Одна свеча догорела и с треском погасла. Над головами сидящих нависла зловещая тишина. Но старица знала слишком хорошо троюродного брата, одна из всех не боялась его, явно чувствуя превосходство над ними за своё старшинство и церковный сан.

— Что слышу я от сына моего двоюродного дяди? Неужто позабыл ты меня, Машеньку, что некогда качала тебя в колыбели заместо матери? А вы? — она сурово обвела княжеских братьев ненавистным взором, молвила. — Разве вы позабыли обо мне?

Горько обожгло нутро Василия, словно в миг проглотил он раскаленное масло. И правда: как мог он, великий князь и государь, чураться родства — пусть даже отдаленного, со старицей монастыря; а теперь и вовсе осознал, почуял сердцем, что Исидора куда ближе и роднее не только сидящего взастенках Дмитрия, но даже братьев, даже жены! С раскаянием в голосе сказал:

— Прости меня, Исидора, за гнев неправедный. Двери моего дома всегда открыты для тебя.
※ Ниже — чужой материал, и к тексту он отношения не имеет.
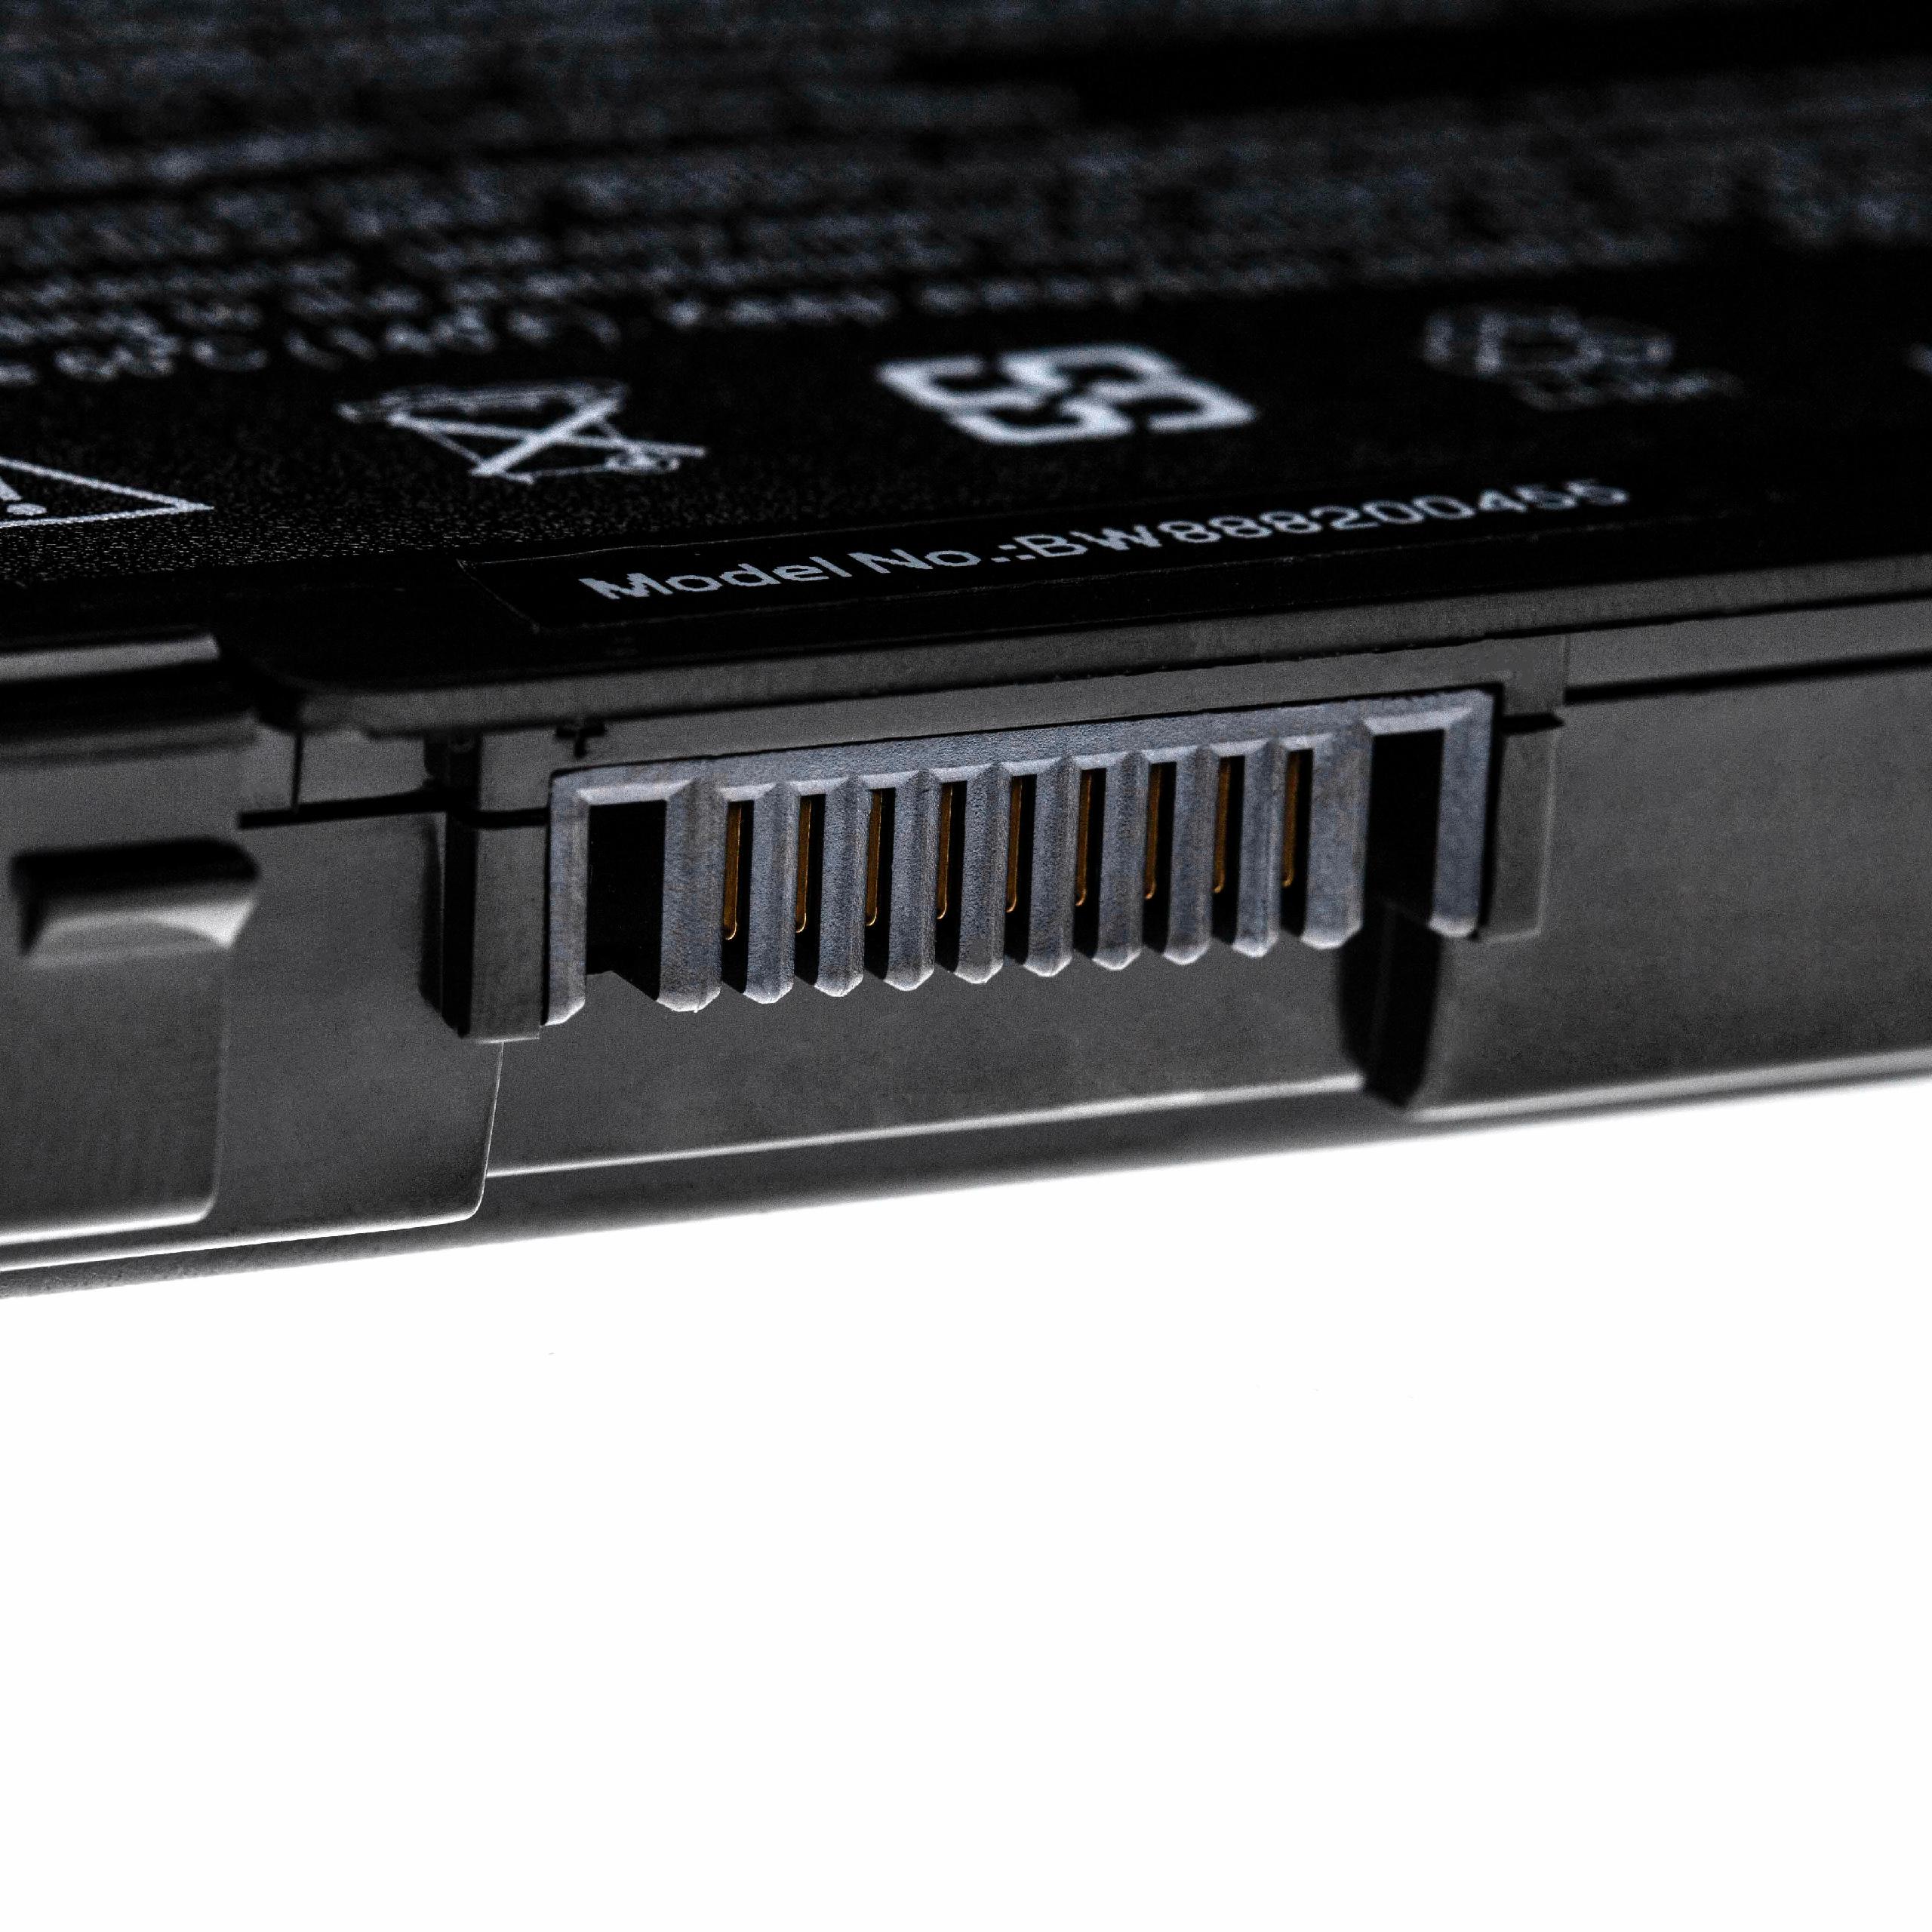 Akumulator do laptopa zamiennik Asus 07G016AQ1875, 07G016AP1875, 07G016761875 - 5200 mAh 11,1 V LiPo, czarny

Исидора усмехнулась, вытянула в безжизненной улыбке губы, как бы говоря: смотри, княже, не позабудь сказанных тобою слов.

Наступила полночь. Сменилась стража на стенах княжеского подворья. Разошлись все ко сну глубокому — до следующего дня. Погасли все свечи в хоромах государевых, захлопнулись ставни на всех ходах и выходах.

В почивальне Василия Ивановича и Соломонии Юрьевны было душно. Великий князь ненавидел холод и не любил прохладу, осенью и зимой запрещал отворять оконные ставни, не пускал в спальню ветер северного края. В углу, под святыми образами, горели свечи, в медной турецкой посудине — некогда принадлежащей Софье, дымились сладковатые индийские масла: и все эти приторные запахи — русские и басурманские, витали под потолком большой опочивальни, увешанной тонкими занавесками и персидскими коврами.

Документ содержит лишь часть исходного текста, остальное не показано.